_Exercise goal_
Write the listing out again word for word, leaving each picture behind.

_Source data_
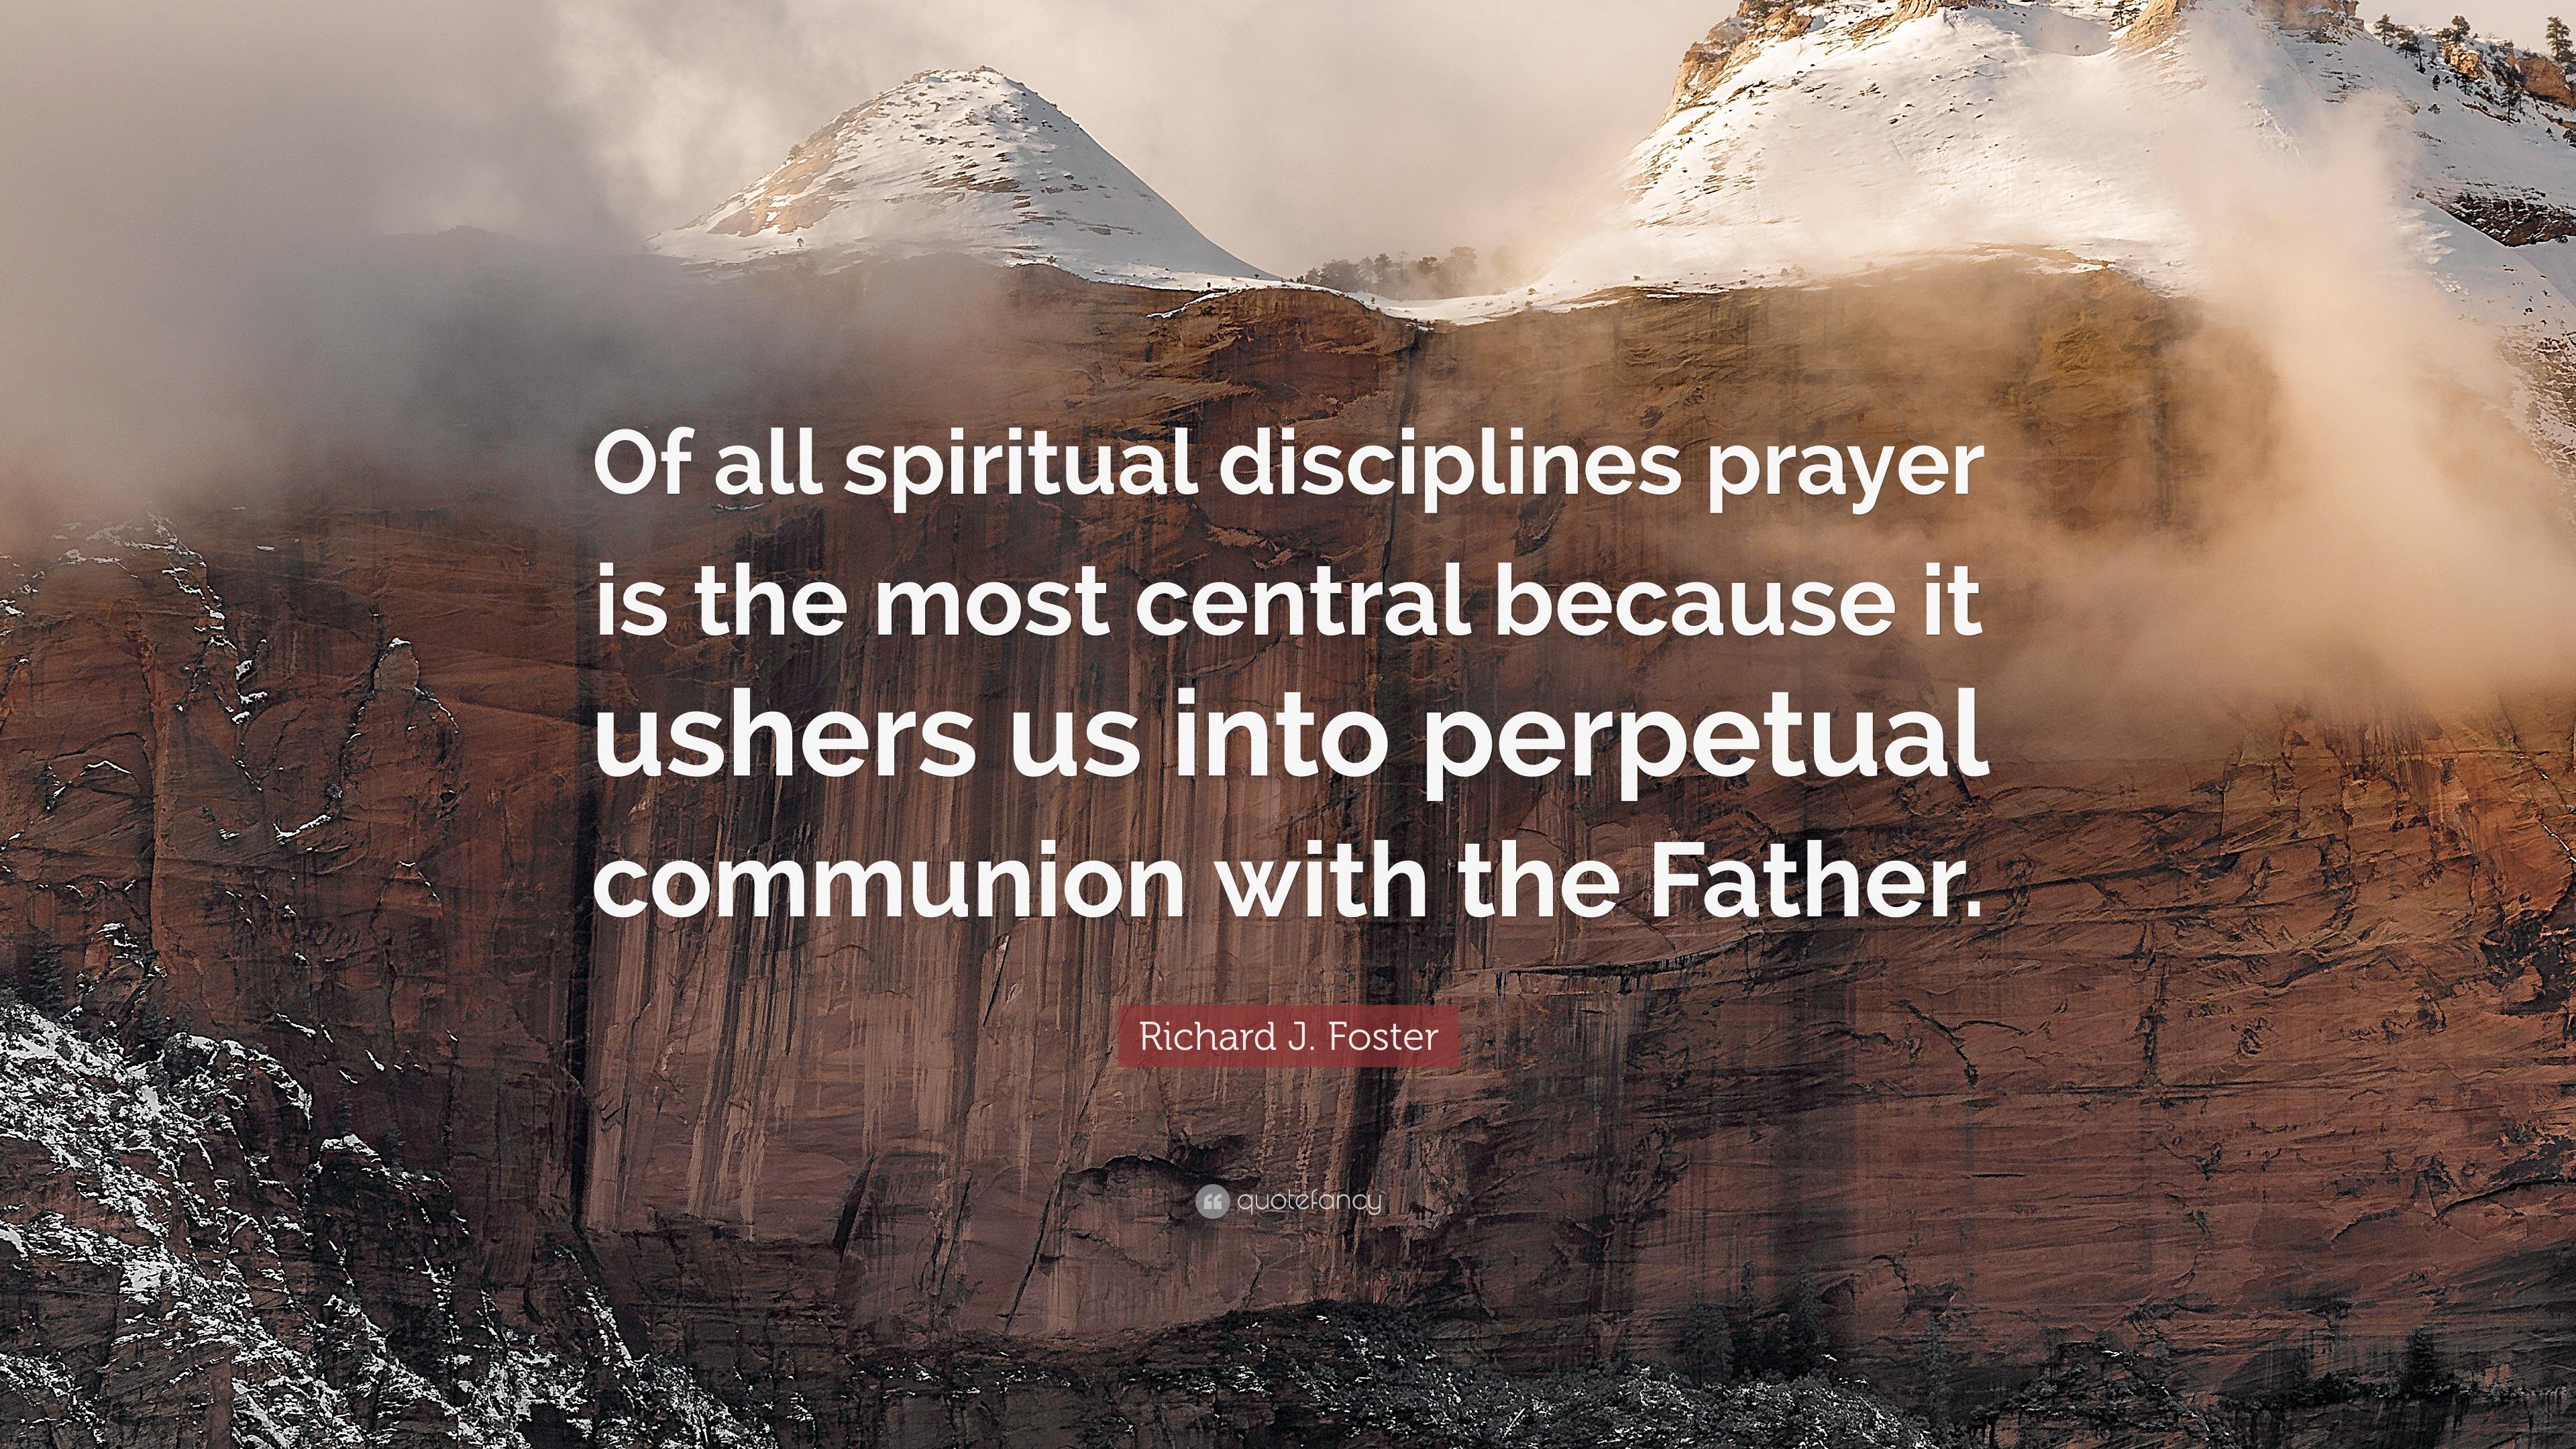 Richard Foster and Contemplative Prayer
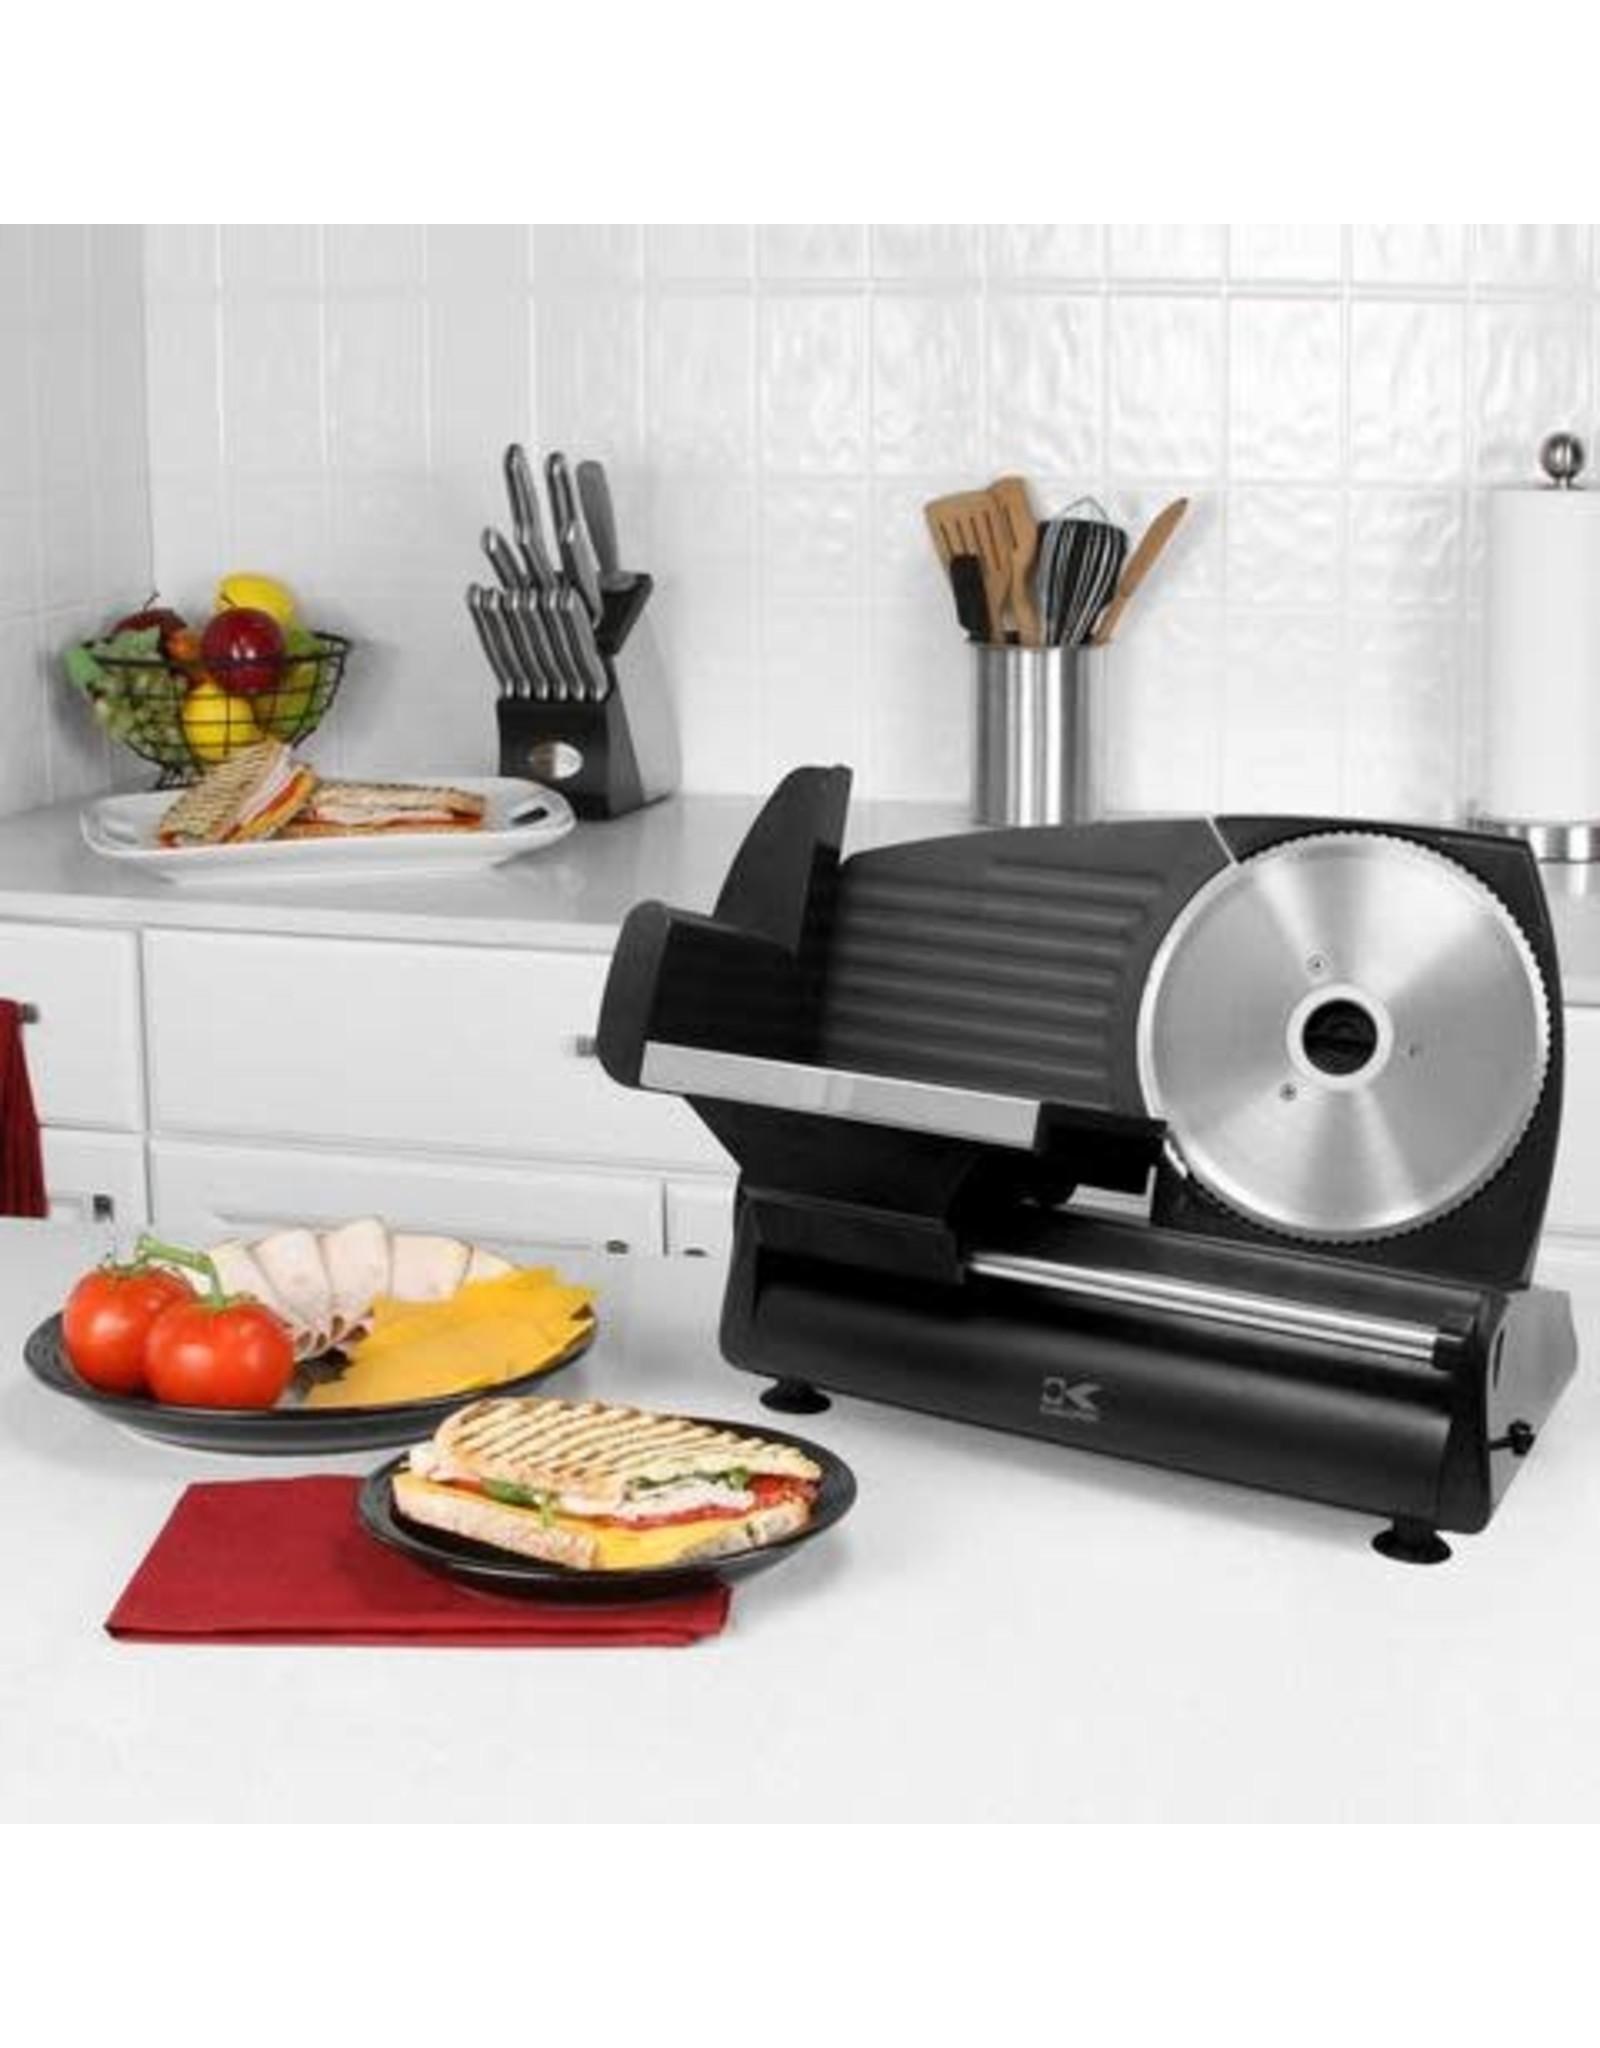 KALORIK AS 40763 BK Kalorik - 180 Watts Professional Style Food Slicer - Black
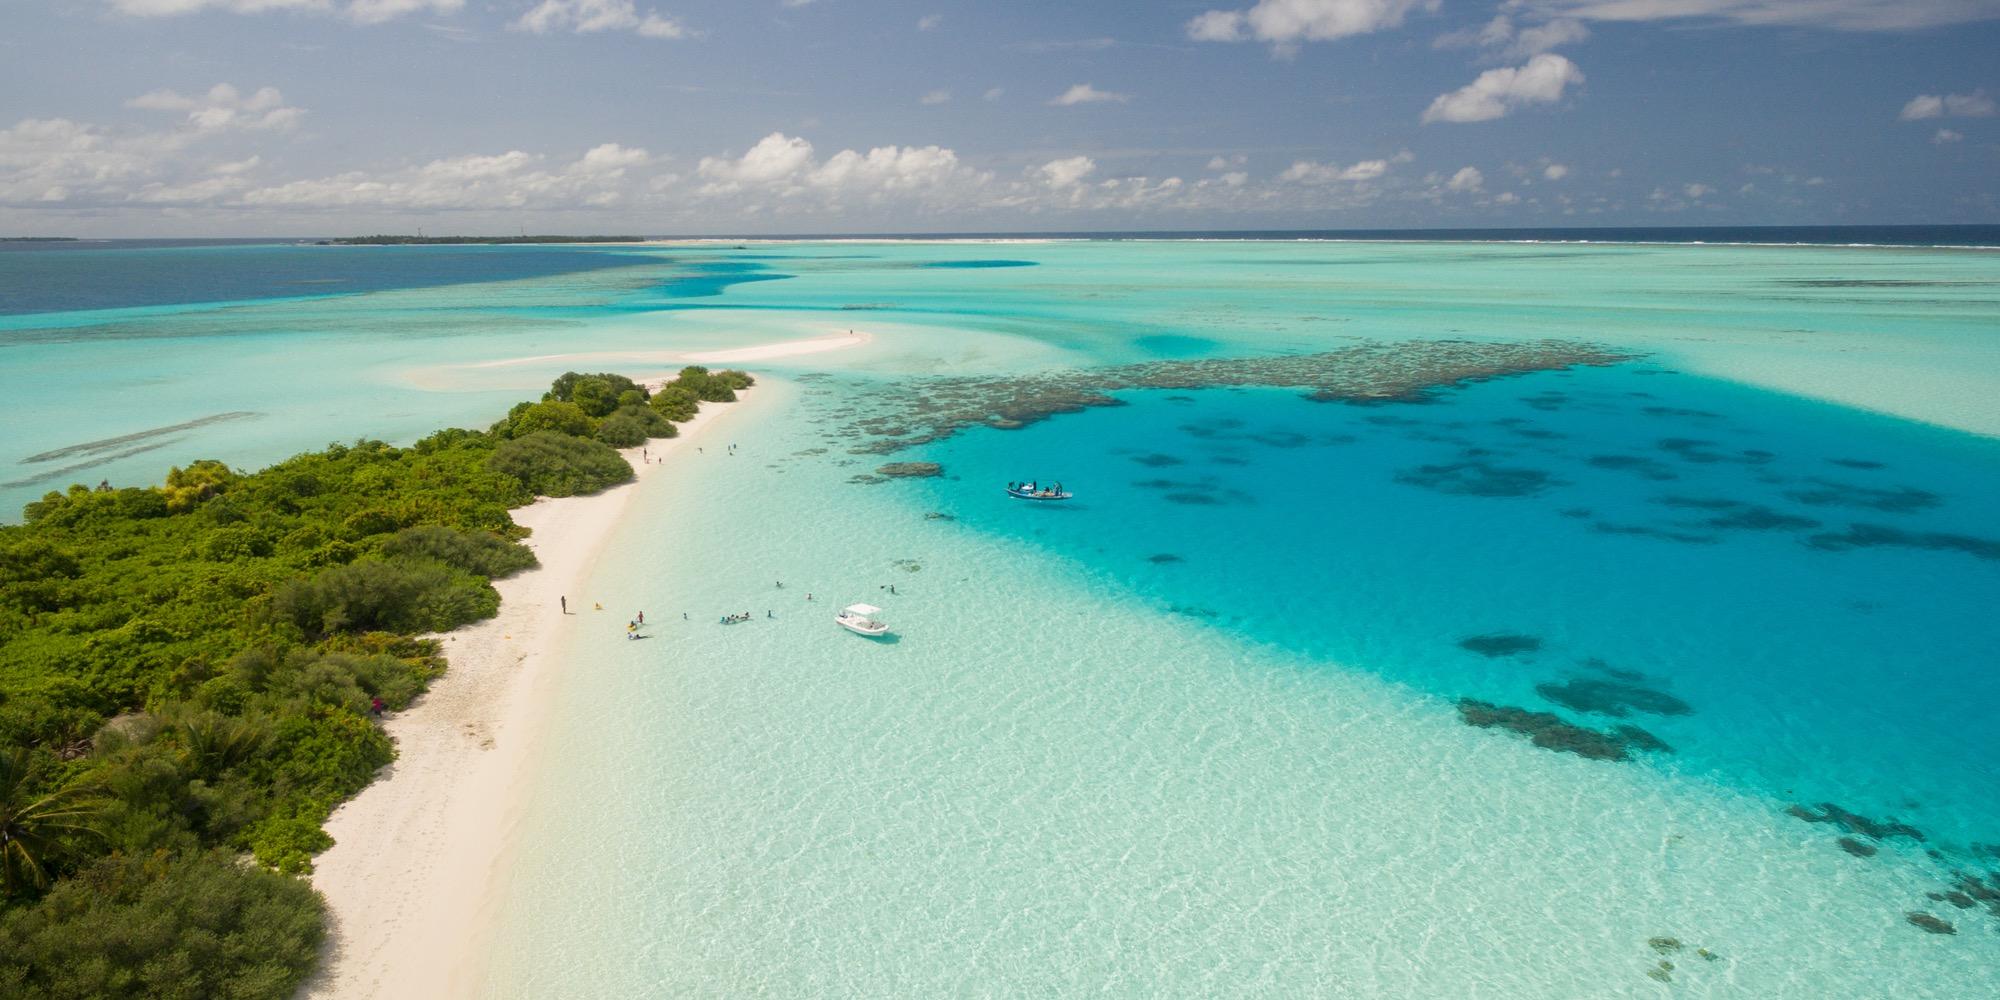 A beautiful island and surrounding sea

_Answer section_
 Richard Foster and Contemplative Prayer
 KALORIK AS 40763 BK Kalorik - 180 Watts Professional Style Food Slicer - Black
 A beautiful island and surrounding sea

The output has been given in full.